(1)
Applicable percentage ownership is based on 36,659,685 shares of common stock outstanding as of April 12, 2021, together with securities exercisable or convertible into shares of common stock within 60 days of April 12, 2021 for each stockholder. Beneficial ownership is determined in accordance with the rules of the SEC and generally includes voting or investment power with respect to securities. Shares of common stock that are currently exercisable or exercisable within 60 days of April 12, 2021 are deemed to be beneficially owned by the person holding such securities for the purpose of computing the percentage of ownership of such person, but are not treated as outstanding for the purpose of computing the percentage ownership of any other person.
(2)
The number of shares consists of 5,437,517 shares of common stock and 100,754 shares of common stock issuable upon conversion of outstanding Series A Preferred Stock. Michael Derby is the Managing Partner of TardiMed. Mr. Derby disclaims beneficial ownership of these securities except to the extent of his pecuniary interest therein.
(3)
The number of shares consists of 5,878,414 shares of common stock issuable upon exercise of Series A Warrants and 206,875 shares of common stock issuable upon exercise of the Bridge Warrants, in each case without regard to any limitations on exercises. Altium Capital Management, LP, the investment manager of Altium Growth Fund, LP, has voting and investment power over these securities. Jacob Gottlieb is the managing member of Altium Capital Growth GP, LLC, which is the general partner of Altium Growth Fund, LP. Each of Altium Growth Fund, LP and Jacob Gottlieb disclaims beneficial ownership over these shares. The principal address of Altium Capital Management, LP is 152 West 57th Street, 20th Floor, New York, New York 10019.
(4)
The number of shares consists of 1,047,364 shares of common stock and 9,085,290 shares of common stock issuable upon exercise of Series A Warrants and Bridge Warrants, in each case without regard to any limitations on exercises. Empery Asset Management LP, the authorized agent of Empery Asset Master Ltd (“EAM”), Empery Tax Efficient, LP (“ETE”) and Empery Debt Opportunity Fund, LP, (“EDOF”) has discretionary authority to vote and dispose of the shares held by EAM, ETE and EDOF, and may be deemed to be the beneficial owner of these shares.

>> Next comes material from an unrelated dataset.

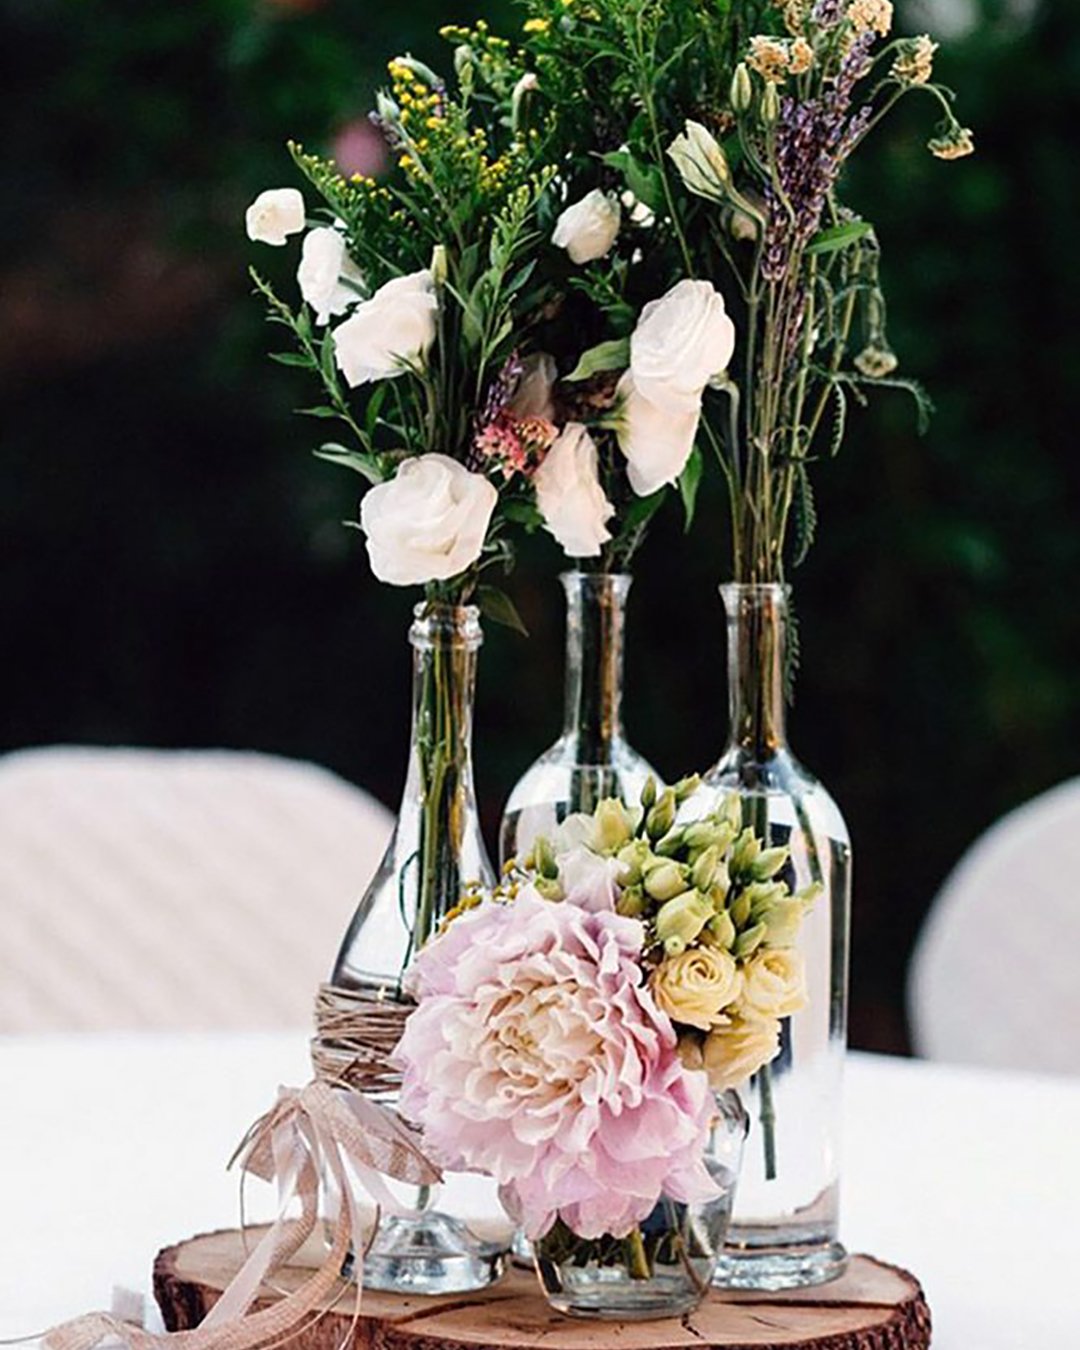 wedding table decorations on a wooden bag in glass bottles flowers rebecca silenzi via instagram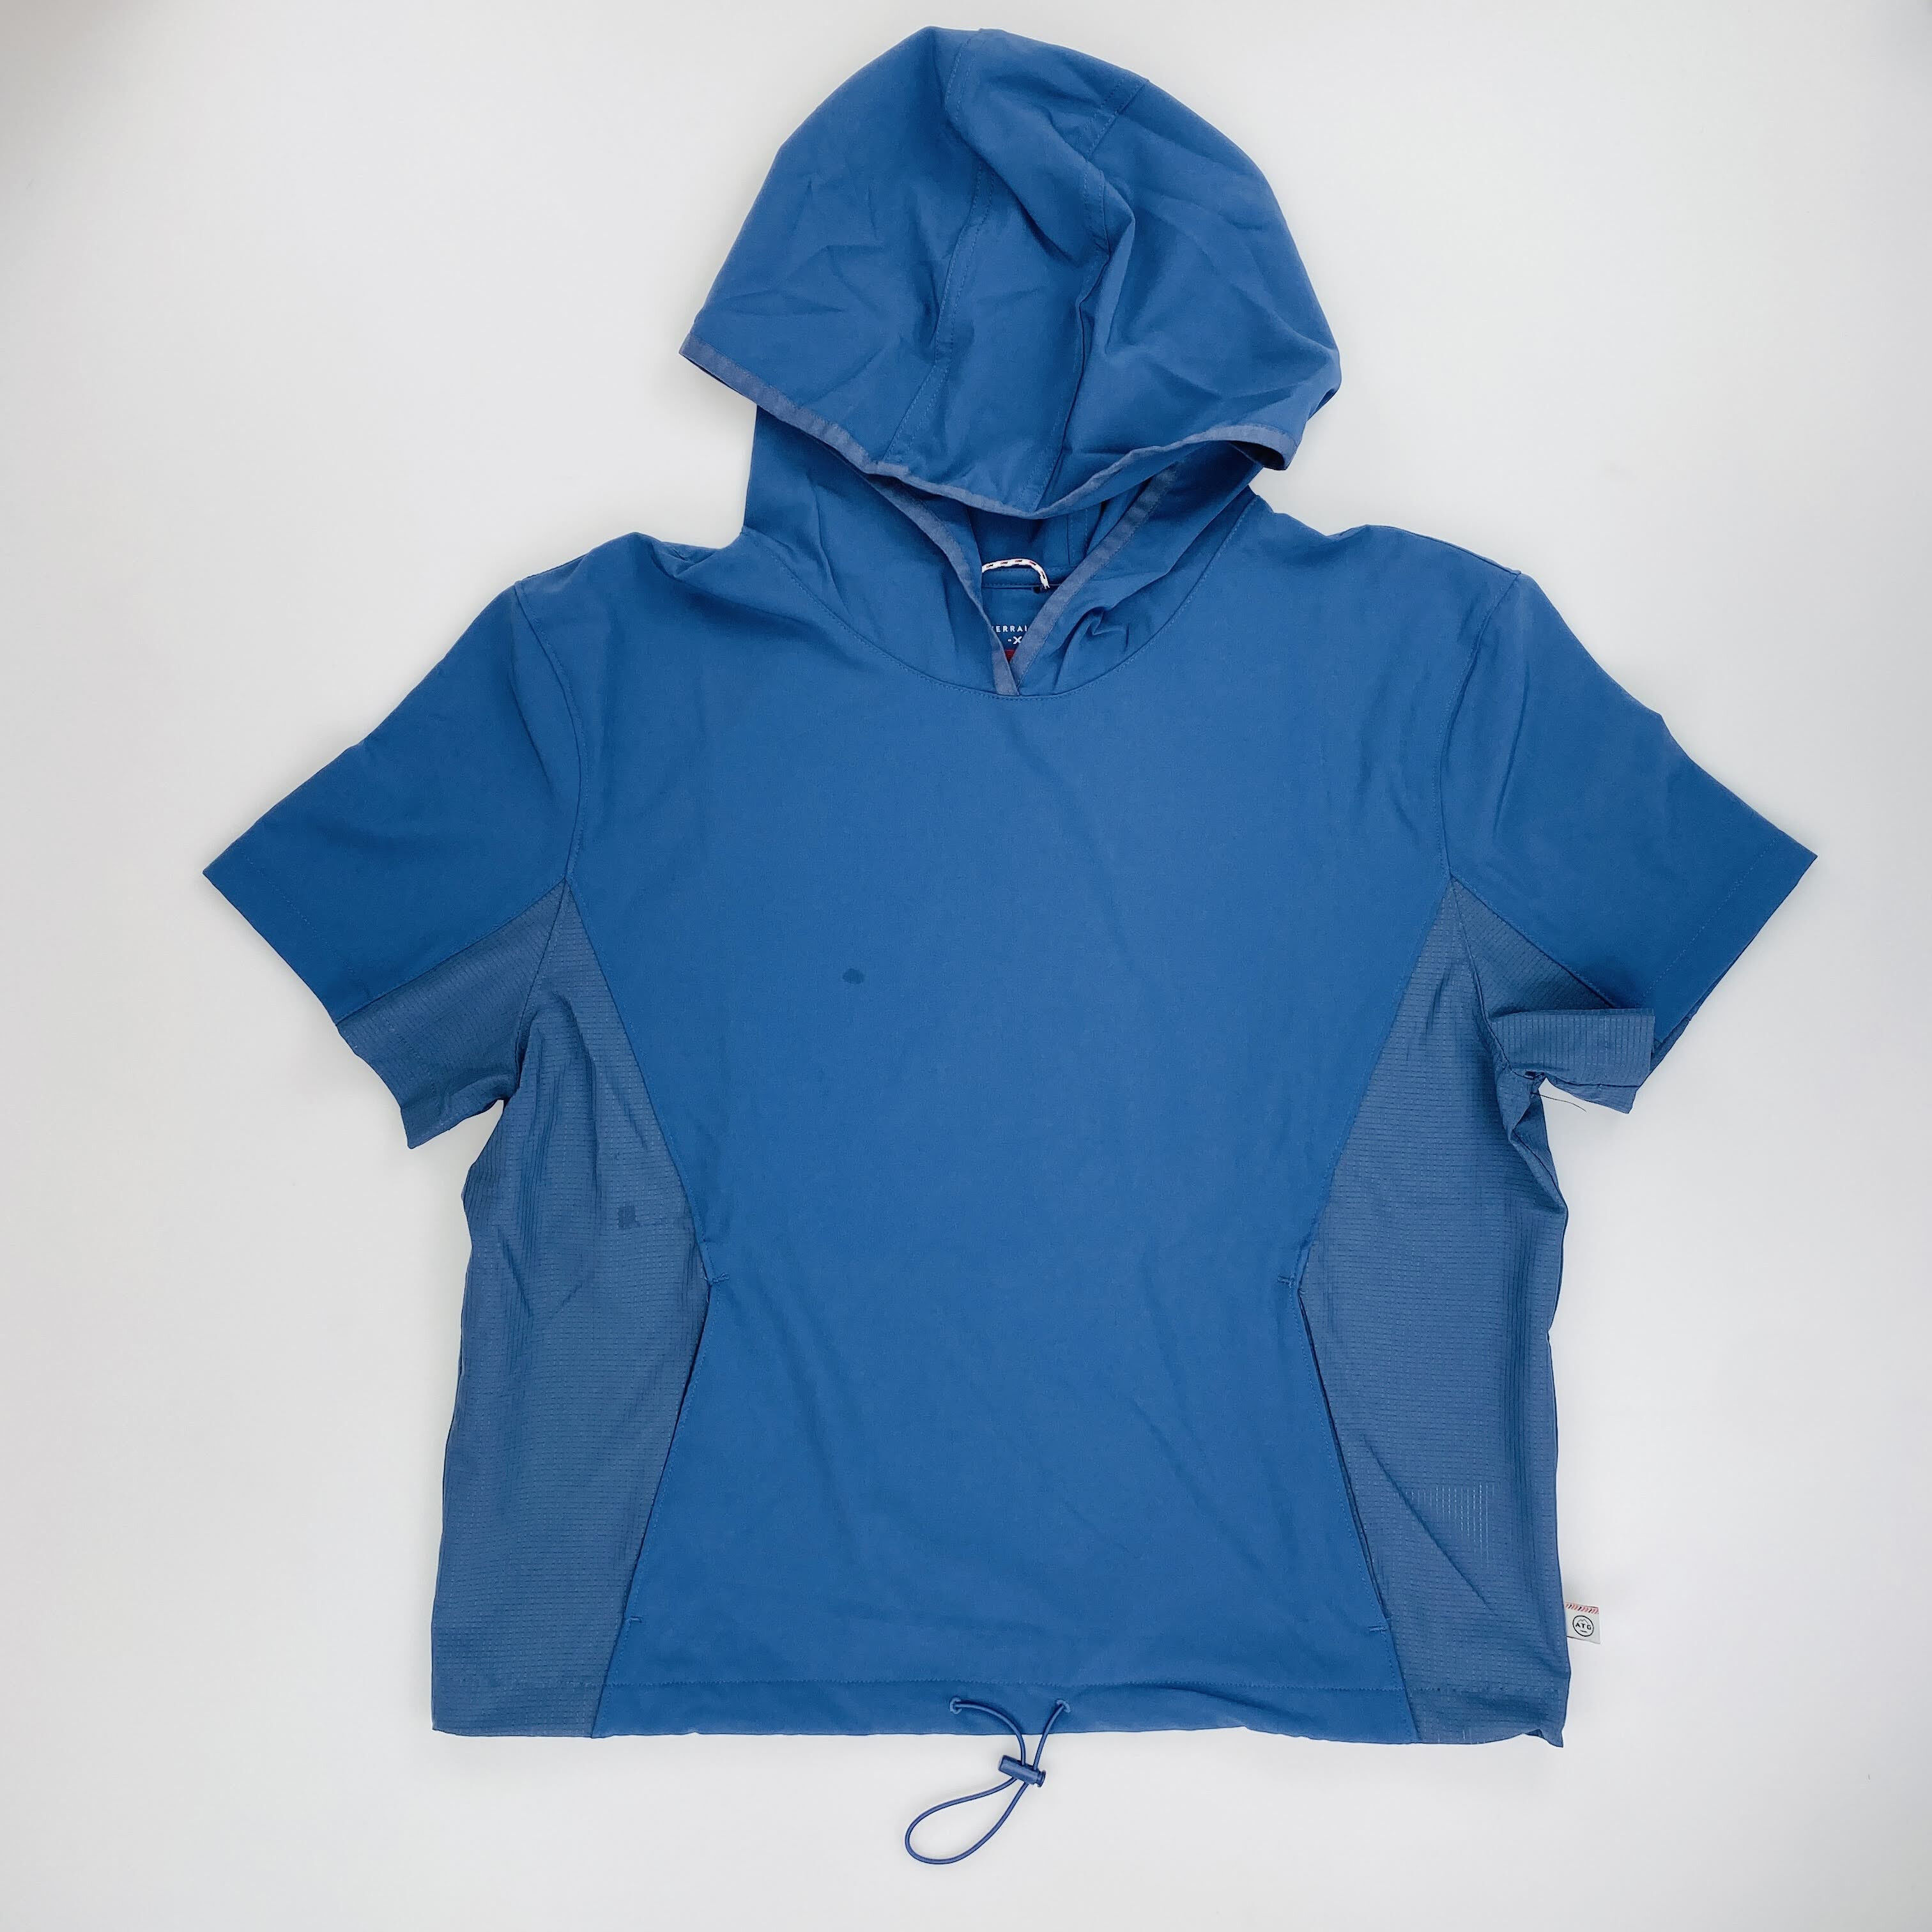 Wrangler Ss Hooded Tee - Seconde main T-shirt femme - Bleu - S | Hardloop

Martin Hoe and Ryan Lane, in their capacity as investment managers of Empery Asset Management LP, may also be deemed to have investment discretion and voting power over the shares held by EAM, ETE and EDOF. EAM, ETE, EDOF, Mr. Hoe and Mr. Lane each disclaim any beneficial ownership of these shares. The principal address of Empery Asset Management LP is 1 Rockefeller Plaza, Suite 1205, New York, New York 10020.
(5)
The number of shares consists of 1,944,996 shares of Common Stock issuable upon exercise of Series A Warrants and 4,838 shares of Common Stock usable upon exercise of BioPharmX Corporation legacy warrants. Hudson Bay Capital Management LP, the Investment Manager of Hudson Bay Master Fund Ltd. has voting and dispositive power over the securities of the company held by such entity. Sander Gerber is the Managing Member of Hudson Bay Capital GP LLC, which is the General Partner of Hudson Bay Capital Management LP. Each of Hudson Bay Master Fund Ltd. and Sander Gerber disclaims beneficial ownership over these securities. The principal address of Hudson Bay Capital Management, LP is 777 3rd Avenue, New York, New York 10017.
(6)
Includes 84,362 shares of common stock underlying VARs that vest within 60 days of April 12, 2021.
(7)
Includes 34,386 shares of common stock issuable upon exercise of outstanding stock options exercisable within 60 days of April 12, 2021.
(8)
Includes 52,884 shares of common stock underlying VARs that vest within 60 days of April 12, 2021.
(9)
Includes 6,068 shares of common stock issuable upon exercise of outstanding stock options exercisable within 60 days of April 12, 2021.
(10)
Includes 6,068 shares of common stock issuable upon exercise of outstanding stock options exercisable within 60 days of April 12, 2021.